Okay, I’m going to try to carefully extricate myself from the karmic conundrum that is my criticism of Jon Jay batting leadoff. Dude’ been really good lately, notching five straight multi-hit games. It’s disingenuous to act upset about him batting leadoff, but because my criticism has clearly spurred this production, I fear what’ll happen if I give my blessing.
So I’ll just say I’m meh on it. The next three spots may as well be etched in stone, but Ben Zobrist batting fifth and playing left is something. Maybe something good, like when he smacked a two-run homer Sunday to provide some breathing room.
Addison Russell, Jason Heyward, and Javy Baez round out what looks like a really tough matchup for Cubs hitters.
Jon Lester assured everyone that he was neither hurt nor tired in the wake of the kind of poor outing that has been a little too commonplace for him this season. Not that he’s giving up seven runs all the time, though twice in the last five starts is sub-optimal, to say the least.
The numbers from his poor showing in Tampa were reminiscent of the outing against Cincy that led to his DL stint, though the underlying data doesn’t offer any dirtect correlation. That’s the good news. The bad news is that Lester has walked 11 men and has only struck out 10 in his last three starts. He had only given up three runs combined in two of those, though, so he’s still capable of putting up solid results.
The Cubs can clinch the division with a pair of victories in St. Louis, so while this isn’t a must-win for the veteran lefty, it’s going to have a playoff atmosphere. As much as anything else, I’m interested to see how he reacts in the face of that and his most recent showing.
Opposing Lester will be Luke Weaver, a 24-year-old whose emergence made Mike Leake even more expendable than Leake’s performance did on its own. Weaver is 7-1 with a 2.05 ERA and 2.36 FIP over eight starts with the Cardinals and he does it mainly with a fastball/changeup combo that relies on command and deception.
Much of that comes from a pitch he learned from Leake, Lance Lynn, and Seth Maness: the one-seamer. This isn’t a pitch that is actually classified yet, but FanGraphs’ Eno Sarris spoke to Weaver about that and his more traditional offerings.
Once people swing at Weaver’s four-seamer, they miss nearly a quarter of the time. That’s the 19th-best rate among starting pitchers who’ve thrown 200 four-seamers this year — this, despite a fastball that’s average in nearly every respect — horizontal movement, vertical movement, velocity and spin.
Weaver is in the bottom 9% of release points this year, surrounded mostly by pitchers who either feature lower arm slots (Sean Manaea and Carlos Martinez) or who are four or five inches shorter (like Ryan Dull and Kirby Yates).
“I get really low. When I throw it, the ball seems kind of like it’s rising because I get underneath it [unlike] guys that throw on a downward plane,” Weaver explained. “It’s an illusion. I’m coming from the ground up.”

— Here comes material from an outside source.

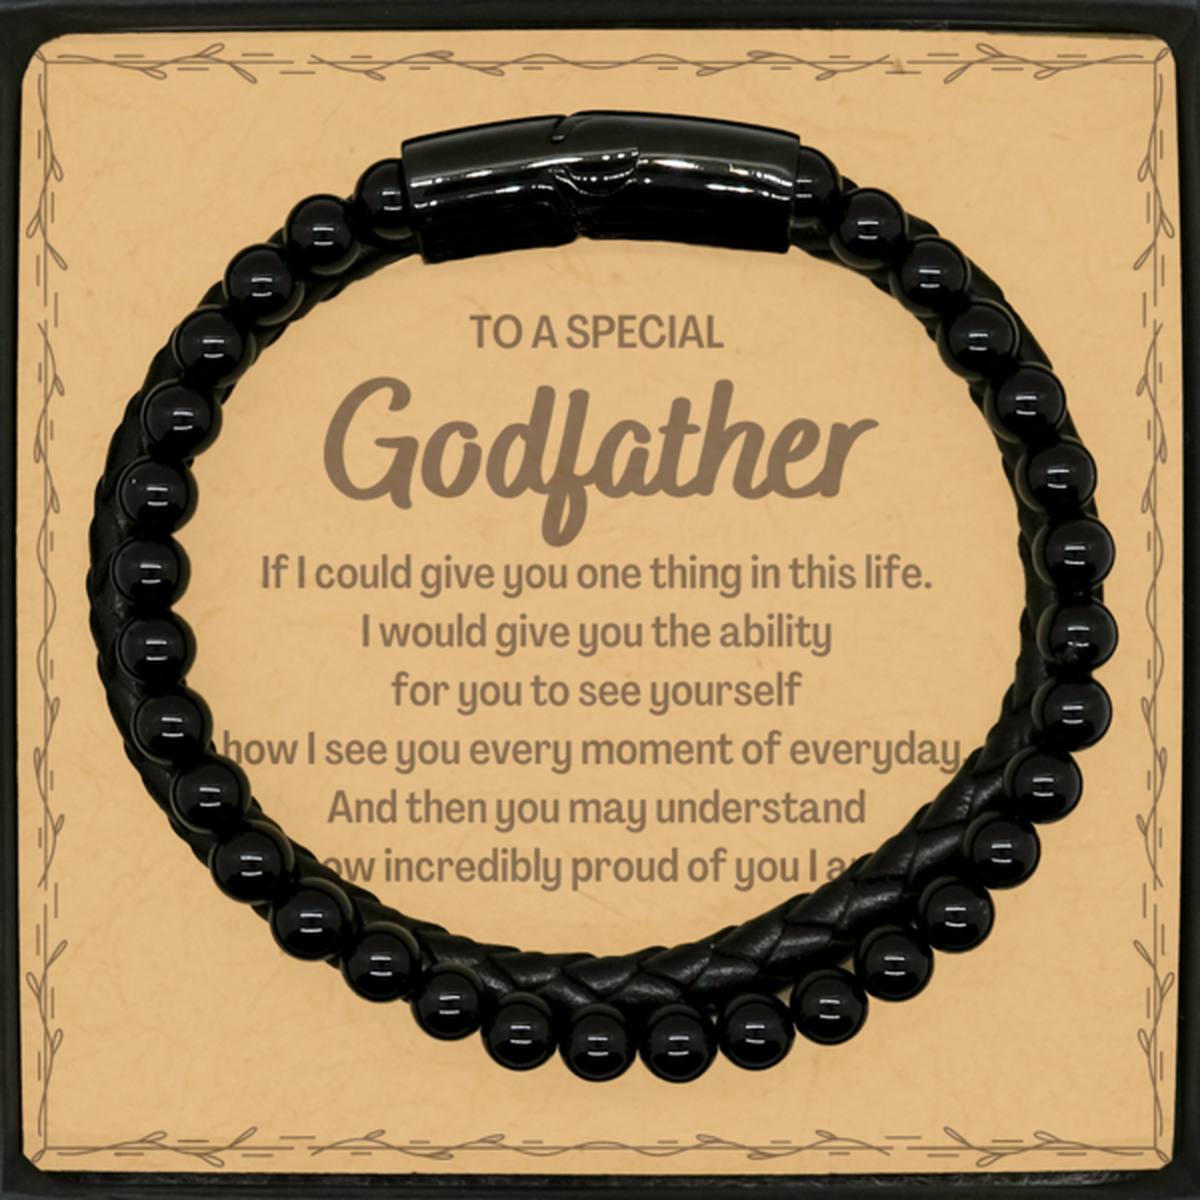 To My Godfather Stone Leather Bracelets, Gifts For Godfather Message Card, Inspirational Gifts for Christmas Birthday, Epic Gifts for Godfather To A Special Godfather how incredibly proud of you I am

Having multiple fastballs is great, and Weaver has that good change — 36th in whiff rates (100 min) and second overall in ground-ball rate (78%) — but every additional pitch counts.
So Weaver’s been working on a curve to pair with his high fastball. “That pitch is something that’s new to me,” he said. “It’s a pitch that I’ve struggled with because I’m kind of three-quarters. My body sometimes wants to release that ball too early and then it kind of pops up and spins. You just have to make sure to stay over it with your body.”
As Sarris notes, Weaver will use that one-seam fastball more often to lefties and in ground-ball situations. He throws that one in the upper 80’s, while his four-seamer sits 93 or so. The change is in the mid-80’s and represents a very nice contrast to the hard stuff. Weaver’s breaking ball isn’t much to speak of at this point, but he’ll still throw the curve pretty often.
With his repertoire, Weaver has been much tougher against lefties this season, though it’s not as if righties have fared well. He’s given up a combined .230 wOBA and has allowed just a single home run at home this season. This one is going to be all about pitch recognition for the Cubs, trying to discern the difference between the fastball and change.
That is a tall task and may take a while to accomplish as they get used to seeing the young righty for the first time. Weaver is a strike-thrower and only walks 1.88 men per nine innings, so this isn’t a time to go up there trying to draw free passes. Expect a lot of swings and misses too, as he has put up 11.11 K/9.
I’d love to say I have a feeling that the Cubs are going to be the first team to really get to Weaver this season — his worst start saw him give up four earned to Arizona — but I think this could be a grind-fest. We’ll find out when he cuts loose his first offering at 7:15 CT on CSN Chicago.